IF you have problems adjusting the
right side sub-plate/points set for cyl. 3 and 4
and you just can't move the plate enough to
get the adjustment right,

it could be that the fiber-"arm" on your points
are worn down too far.
Check this link: Worn down 'tabs'

Posted: Tue Apr 22, 2008 12:43 am
by jemaguy
what a great deal on this ..i did this myself and was easy to do with this article...i used the CB 450 points randakk suggested them
the part number for the left is 30204-292-154 the right is 30203-292-154
BLACK BOMBER points....

Posted: Wed May 14, 2008 9:46 pm
by schmidtap2000
Okay, I'm really confused now, it seems to me that most of this is contradicting it's self. on the way the marks are set up, I'm unsure as to what to use for timing.

Here's the way I see it in the timing Plug opening, It's the same for 2 also.

-T-

-F-

1

What one would I use to set the timing, the F or T

A good Pic by Pic walk thru would be great.

THX
Andrew

Posted: Thu May 15, 2008 2:05 am
by octane
Hi !
Welcome to the forum Andrew!

schmidtap2000 wrote:Okay, I'm really confused now, it seems to me that most of this is contradicting it's self. on the way the marks are set up, I'm unsure as to what to use for timing.

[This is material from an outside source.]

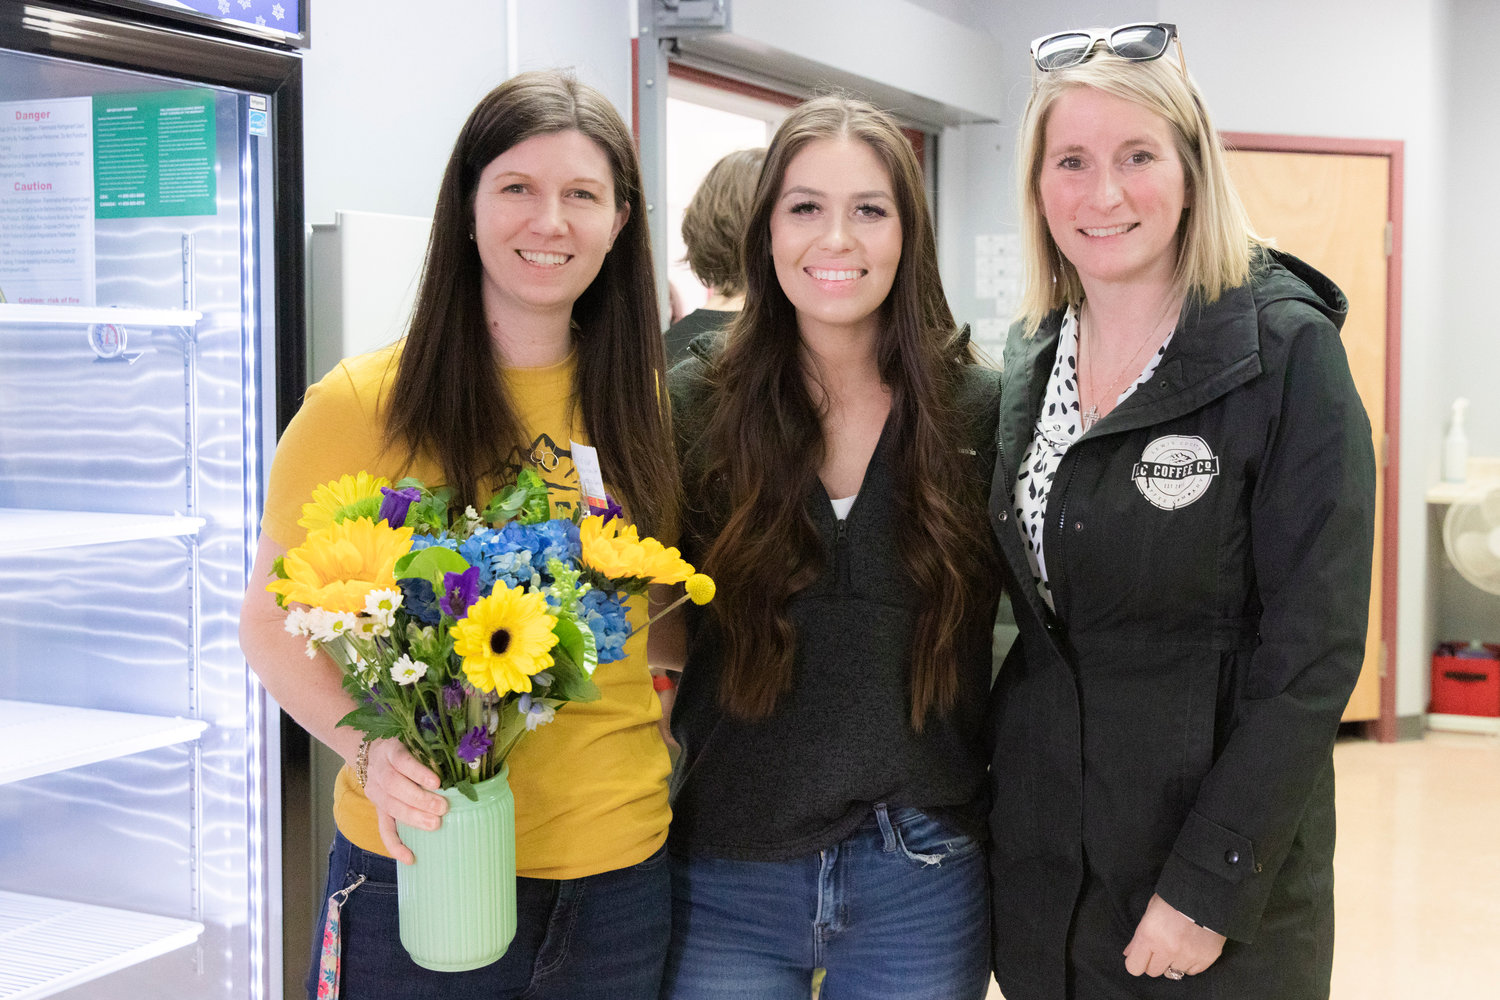 From left, Kristin Ciolli, Angie Twining and Sam Magnuson pose for a photo as Lewis County Coffee Co. celebrates a ribbon cutting ceremony on Wednesday for a new student store "The Crimson & Gray," at W.F. West High School in Chehalis.

Here's the way I see it in the timing Plug opening, It's the same for 2 also.

-T-

-F-

1
...and you have (180 degree turned)
-T-

-F-

2
What one would I use to set the timing, the F or T
The F 1 (for cyl 1 / 2)
and
the F 2 (for cyl 3 / 4)

Check again the above show page:

Image


I do see now how my first post is a bit confusing.
Gotta clear that up.

For better pictures,
but slightly different set-up of wires etc.
(as it's for the Dyna set-up)
check this thread

Dyna ignition timing

..but only to watch better pictures of the F marks etc

Posted: Thu May 15, 2008 7:14 am
by schmidtap2000
Thanks Octane, I'll give it a try again tonight after work.

Posted: Thu May 15, 2008 4:20 pm
by octane
You're welcome!

Dwell any one?

Posted: Tue Sep 01, 2009 11:08 pm
by boogie red
Octane.....I dig it! Does u have a brother named tetraethel lead? YEE HAW
I used a dwell meter.pulled all the fireing pins out so the motor would spin free,filed points, replaced all the wor out screws with button head allens, spun the motor with the starter,tryed to set dwell at 42.50
When I got her runnin the dwell fluctuated 40-43 deg,that set of points may be little pitted,however she run real smooth.
aet the plate for a slip, advenced it till she ran rough and then backed it off till smooth and then still backed up prob 2 deg. any way I made a post in the tutoriels section, this thing has got some issues. If u would read it that would be great,thanks.
run em to the peg!
By the way, are u 100 low lead, ( av gas ) or 110 or may 117 VP? Ye haw

Re: Pionts / ignition timing

Posted: Fri Mar 26, 2010 6:09 pm
by curtis.71
ok let make sure this is right,static light on left point for 1 and 2,static light hooked up to 3 and 4 for the right

Re: Pionts / ignition timing

Posted: Sat Mar 27, 2010 8:08 am
by Whiskerfish
curtis.71 wrote:ok let make sure this is right,static light on left point for 1 and 2,static light hooked up to 3 and 4 for the right
Correct

Re: Points / ignition timing

Posted: Fri Apr 23, 2010 8:53 pm
by RecklessTim
I have followed everything to a T. My question comes with the split-timing.
My gap is .4mm (the high side like Randakk's tips)
The test light comes on exactly at the F (1&2 and 3&4)
So far so good.

Here's my problem, the light should shut off at 180 degrees at the next F mark (actually just past the mark)
Randall says in his tips "AND they should not CLOSE until AFTER the F mark"
But my light goes out almost 225 degrees after they come on, that's 45 degrees after the following F mark.

Does this pose a problem?
Should I close the point gap and retime to get it closer to the second F mark?
Or is that fine, just leave it the way it is?

Re: Points / ignition timing

Posted: Sun Apr 25, 2010 9:23 am
by Whiskerfish
Try it again but put a slip of paper in-between the contacts of the point set you are not checking. Using a lite instead of a meter can be deceptive. With a meter you can see the voltage drop but it will not go to zero until the other set of points opens.